Iron ore hits six-year high on Brazil cuts
Fortescue shares jumped above $20 on Thursday as another downgrade from Vale put a rocket under the shares of Australian iron ore producers.
Fortescue Metals Group shares jumped above $20 on Thursday as another downgrade from Vale boosted the iron ore price and put a rocket under the share prices of Australian producers.
Fortescue’s 13.2 per cent jump, to a closing price of $20.65, added another $1.5bn to the net worth of founder Andrew Forrest, who now owns $23bn worth of Fortescue shares, with Vale’s downgrade offering the prospect of more eye-watering dividends for the iron ore magnate, as well as some budget relief for federal Treasurer Josh Frydenberg.
The value of Australian iron ore miners surged on Thursday after the commodity price hit a fresh six-year high, as Brazilian iron ore giant Vale cut annual output expectations again and flagged only a limited lift in production in 2021.
Overnight on Wednesday Vale cut 2020 production guidance to a range of 300 million to 305 million tonnes, down from previous expectations of between 310 million and 330 million tonnes.
Vale said it expected 2021 output to rise to between 315 million and 335 million tonnes.
The benchmark price for iron ore immediately surged on the news, topping $US136.75 a tonne and hitting fresh six-year highs on the expectation of supply shortages in the first quarter of next year as China’s steel industry powers ahead.
Vale’s ongoing woes are likely to further bolster the earnings of BHP, Rio Tinto and Fortescue, along with smaller Australian miners such as Mineral Resources and Mount Gibson Iron, which have already cashed in on high iron ore prices over the last two years.
Fortescue closed up 13.2 per cent or $2.42 to $20.65, with Rio up 6.9 per cent or $7.21 to $112.20 and BHP up 4.9 per cent or $1.94 to $41.25.
Vale put in a strong third-quarter performance and analysts had tipped its annual output at about 310 million tonnes, with the expectation the company would return another 40 million tonnes to the seaborne market in 2021 as it ramped up production at Brazilian mines curtailed by the tailings dam disaster in 2019.
But Vale’s iron ore boss Marcello Spinelli told analysts heavy recent rains and delays in obtaining a regional licence at one of its mines had forced the company into its latest downgrade.

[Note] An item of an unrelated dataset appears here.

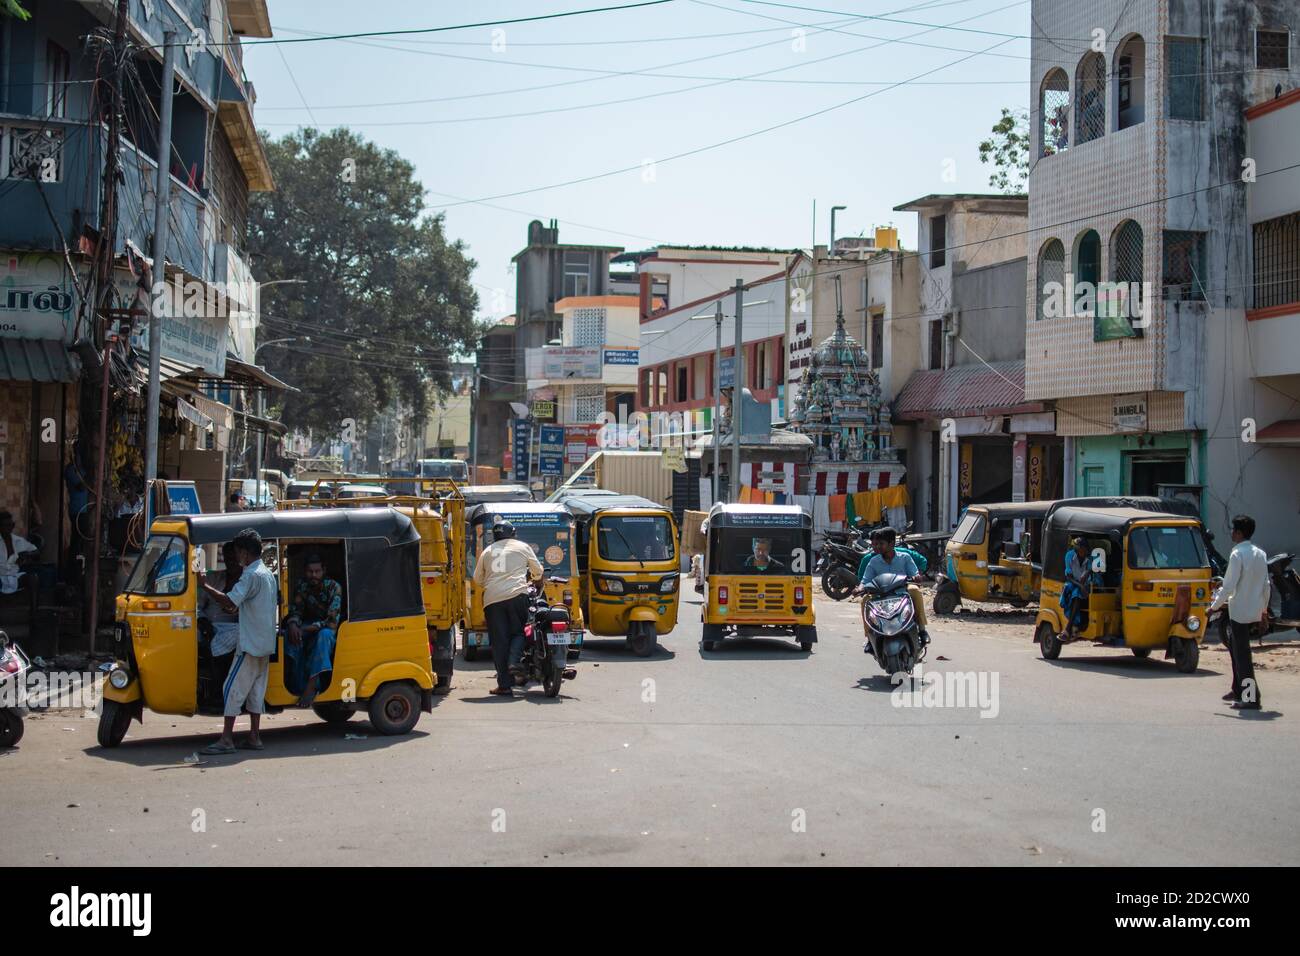 Chennai, India - February 8, 2020: Traffic with many traditional yellow taxi auto rickshaws on a street on February 8, 2020 in Chennai, India Stock Photo

Mr Spinelli said Vale’s 2021 guidance was “conservative”, with the company saying it expected to reach annual production capacity of 350 million tonnes from its mines by the end of 2021, and 400 million tonnes by the end of the following year.
RBC Capital Markets resources analyst Broda Tyler said he expected a shortfall in iron ore supply in 2021, with markets to “stay in a very tight position” for at least another six months.
“In our view, this will likely serve to drive expectations of both consensus iron ore prices higher, but also the willingness for the market to price these cashflows into the equities,” he said.
“We currently model a 2 per cent deficit in iron ore markets for 2021. This follows 2 years of deficit and has the potential to unwind port inventories in China to levels last seen in 2015 (and that was with a China consuming circa 750 million tonnes of finished steel versus current 950 million tonnes). With October steel production growth rates in China running at an astonishing 15 per cent year-on-year our 2.3 per cent increase for China 2021 growth also implies a dramatically slowing consumption rate. And we are 23 per cent ahead of consensus iron ore price forecasts at $US122 a tonne.”
The strengthening iron ore price will also put a smile on the face of Mr Frydenberg as the rivers of cash rolling into iron ore miners flow through to Treasury coffers in the form of company taxes, offering to repair some of the budget damage inflicted by the coronavirus pandemic.
Treasury had tipped iron ore prices, before freight costs, to fall to $US55 a tonne by the end of June 2021, effectively building in an average price of about $US63 a tonne for the year.
With freight costs down at about $US7 a tonne, current prices are about $US65 above that level — with each $US10 a tonne above Treasury’s average worth about $300m in tax receipts this financial year. October trade data from the Australian Bureau of Statistics, released on Thursday, showed the value of Australian iron ore exports hit a record $11bn for the month, up by 4.1 per cent month-on-month and 43.9 per cent compared to a year ago.
Iron ore fever even took hold at the junior end of the market, with WA iron ore hopeful Fenix Resources shares shooting up more than 23 per cent to close at 21c on Thursday after the company executed a perfectly timed agreement with the Port of Geraldton to access up to 1.2 million tonnes of export capacity, putting it within reach of becoming an exporter.